Rudimentary Version (Phase 3A)

The quickest path to a working prototype:

  1. At each location, configure the CCTV camera (or a Dropbox-connected camera, or even a cheap USB webcam running a capture script) to save the latest entrance frame to a shared folder on the NAS, overwriting the same file:

    //192.168.77.10/dev/rabs/storage/admin_drive/cctv/
    location_01_hq/
    entrance.jpg ← overwritten every 5 seconds
    location_02_south/
    entrance.jpg
    location_03_north/
    entrance.jpg
  2. A CCTV watcher worker (similar to media-grabber) polls these files every 5 seconds, runs face detection + recognition using AdaFace, and logs arrivals/departures.

  3. The dashboard shows a simple table: Location | Person | Arrived | Left | Duration.
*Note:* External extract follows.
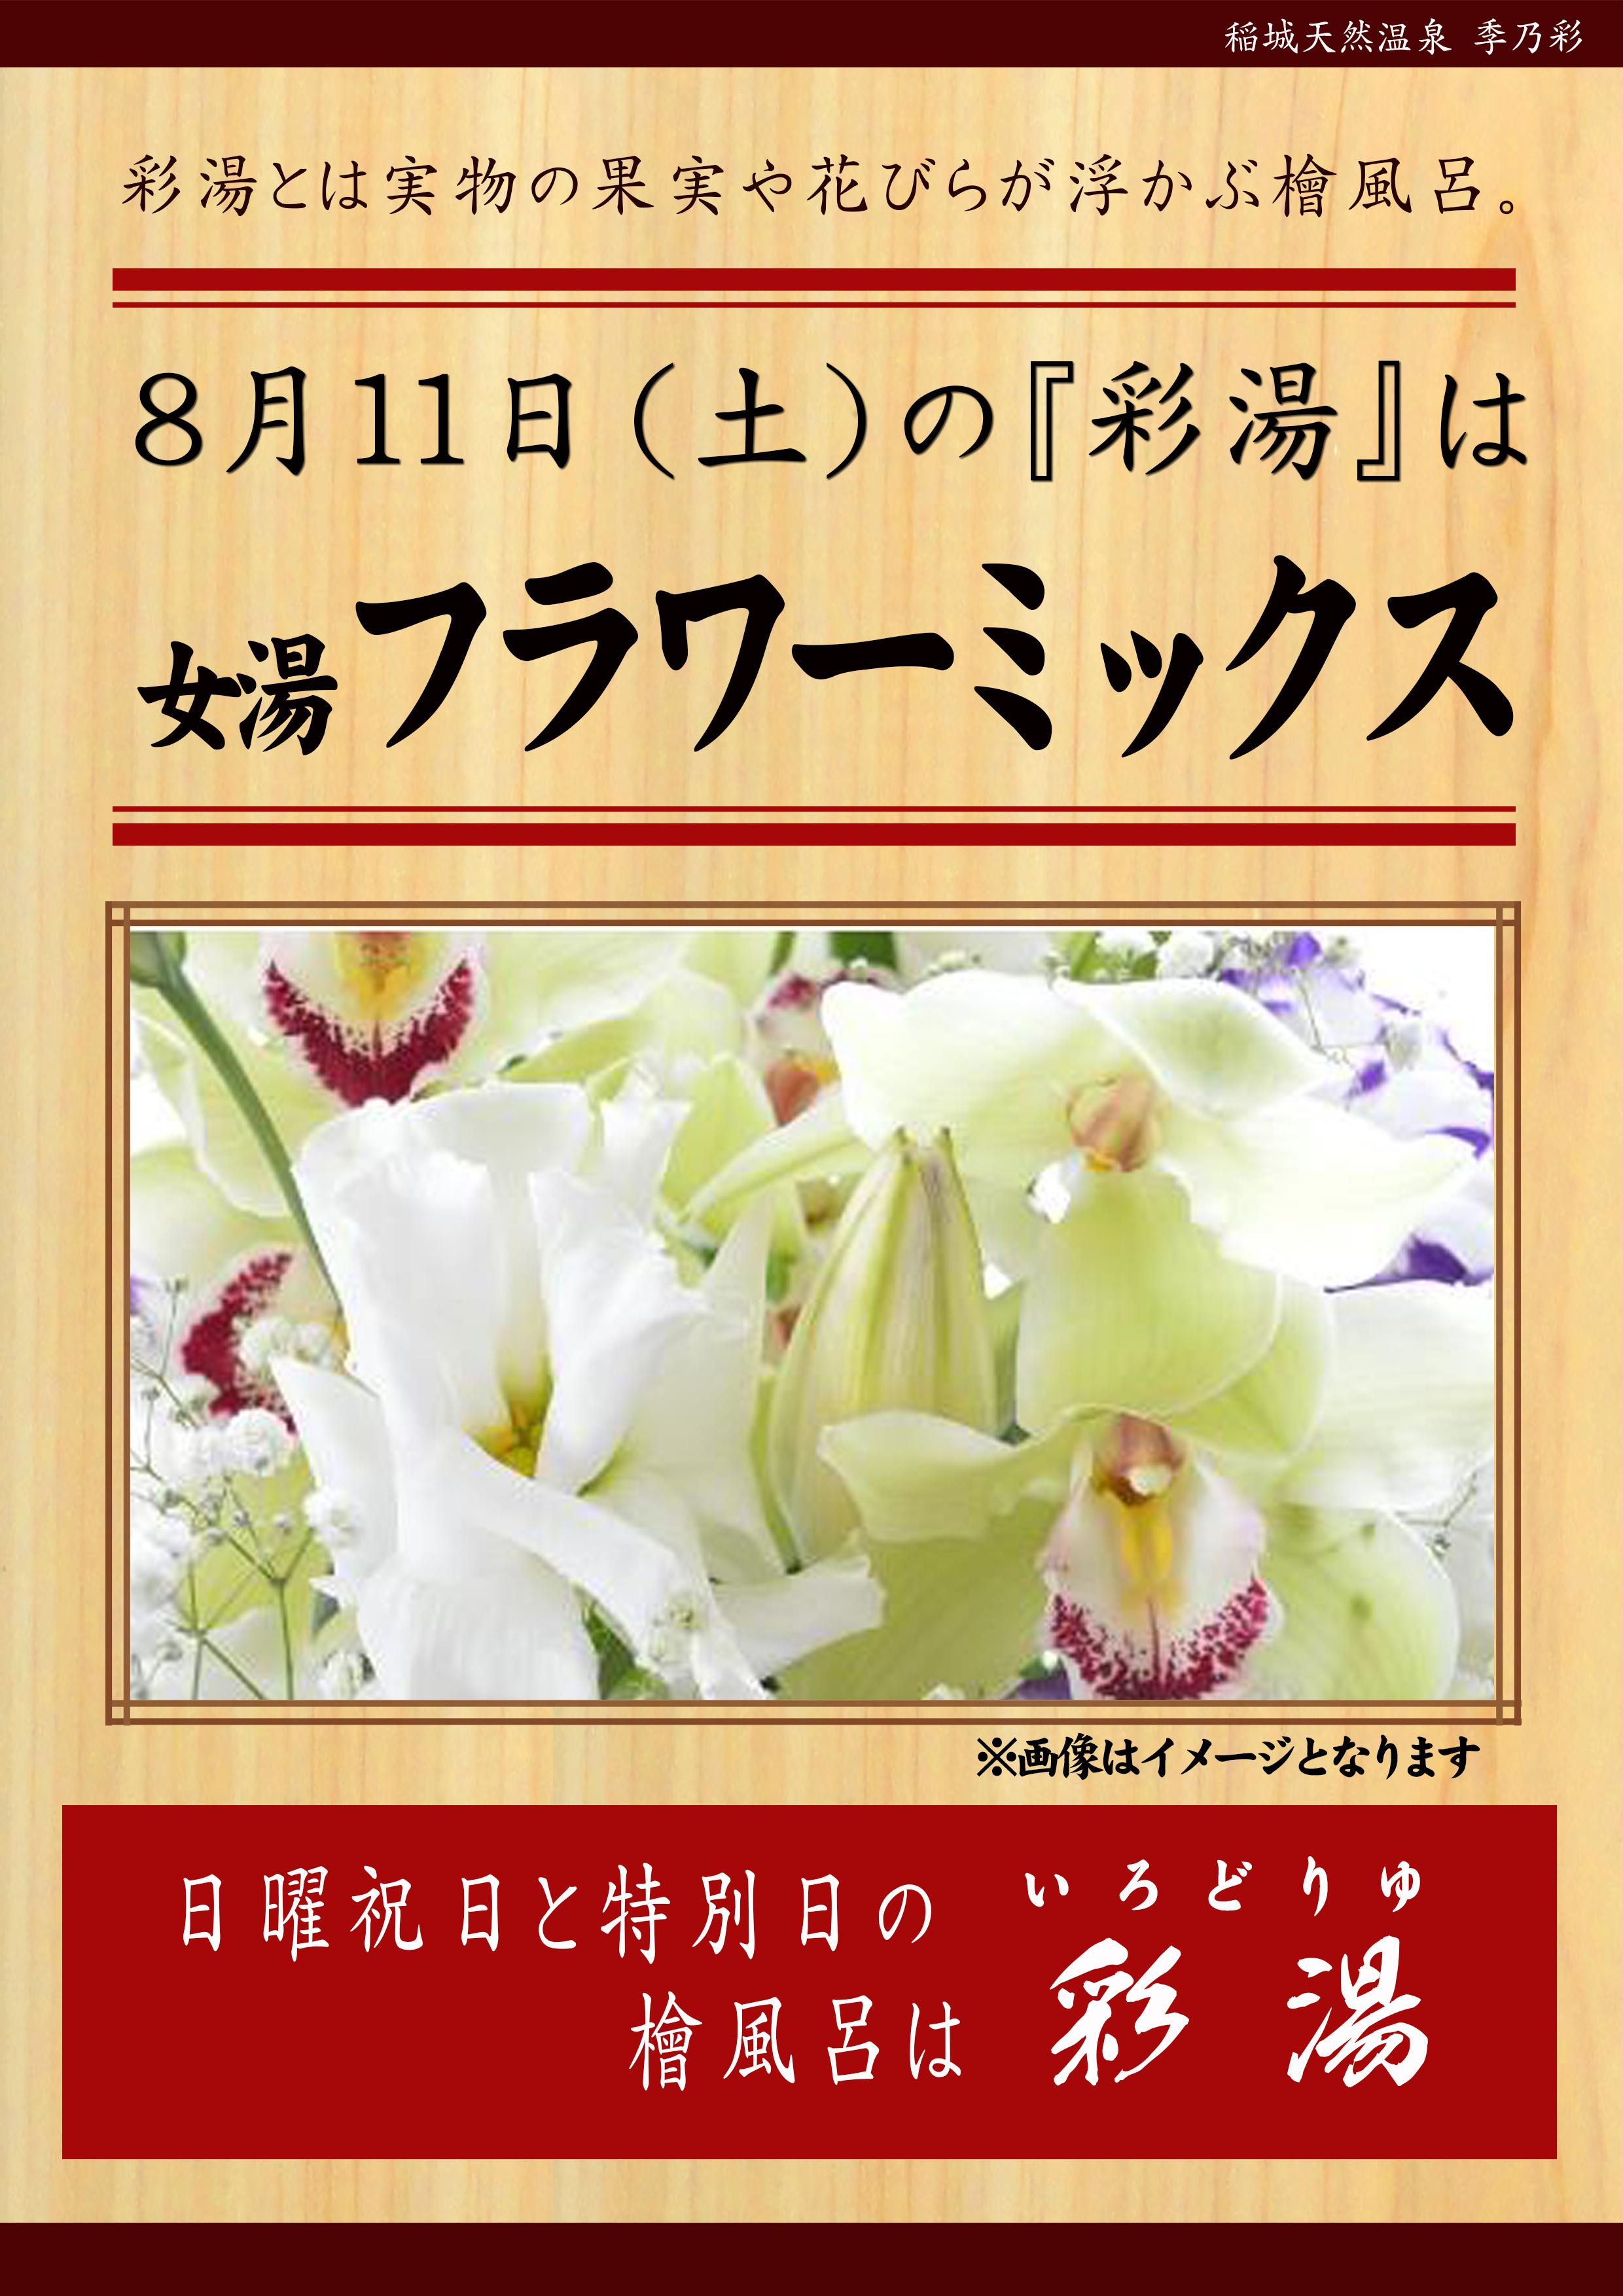 20180811POP イベント 彩湯 女湯 フラワーミックス

This version requires NO integration with existing CCTV systems -- just getting one frame image dropped to a network folder. Most IP cameras support FTP upload or RTSP streams that can be captured with a single ffmpeg command:

# Grab one frame every 5 seconds from an RTSP camera stream
ffmpeg -rtsp_transport tcp -i rtsp://camera_ip:554/stream1 \
-vf "fps=1/5" -update 1 -y //nas/cctv/location_01/entrance.jpg

Full Version (Phase 3B)

  • Direction detection (entering vs leaving) using frame-to-frame tracking
  • Multiple cameras per location (entrance, exit, common areas)
  • Confidence scoring -- only log arrivals above a threshold to avoid false positives
  • Alert system -- "Participant X hasn't arrived at expected location by 9:30am"
  • Evacuation mode -- live headcount per location, checklist of who is accounted for
  • Historical analytics -- average arrival times, attendance patterns, drill response metrics

Arrival/Departure Schema (Future)

CREATE TABLE media.safe_arrival (
id SERIAL PRIMARY KEY,
person_type TEXT NOT NULL CHECK (person_type IN ('staff', 'participant')),
person_id INT NOT NULL, -- staff_id or participant_id
location_id INT NOT NULL, -- references a locations table
camera_id TEXT, -- which camera spotted them
direction TEXT CHECK (direction IN ('arrive', 'depart', 'unknown')),
confidence FLOAT NOT NULL, -- recognition confidence (0-1)
frame_path TEXT, -- path to the frame that triggered the log
detected_at TIMESTAMPTZ NOT NULL DEFAULT NOW(),
metadata JSONB NOT NULL DEFAULT '{}' -- bbox, embedding distance, etc.
);

Facial recognition in a care/support environment requires careful handling:

  • Privacy Act 1988 and Australian Privacy Principles (APPs) apply
  • Biometric data (face embeddings) is classified as sensitive information under APP 3
  • Collection requires consent or a permitted exception (safety of an individual)
  • A Privacy Impact Assessment (PIA) should be conducted before deployment
SafeguardImplementation
Opt-in consentStaff and participants must explicitly consent to being in the bookface library
Right to withdrawDeleting a bookface folder removes all reference data immediately
No external transmissionAll processing is local (GPU on server, no cloud APIs, no data leaves the LAN)
Data minimisationSee detailed rules below
Purpose limitationEmbeddings are used only for matching, never for profiling or behaviour analysis
Access controlGallery face tags visible to management only, not general staff
Audit trailAll recognition events logged with confidence scores
CCTV signageLocations using Safe Arrival must have visible "CCTV in operation" signage
Excluded individualsAny person can be excluded from recognition (their face is detected but never matched)
Immediate deletionCCTV frames are deleted immediately after processing -- only the result is stored, never the image

Data Minimisation Rules

The principle is: use the least identifying data possible for the task at hand.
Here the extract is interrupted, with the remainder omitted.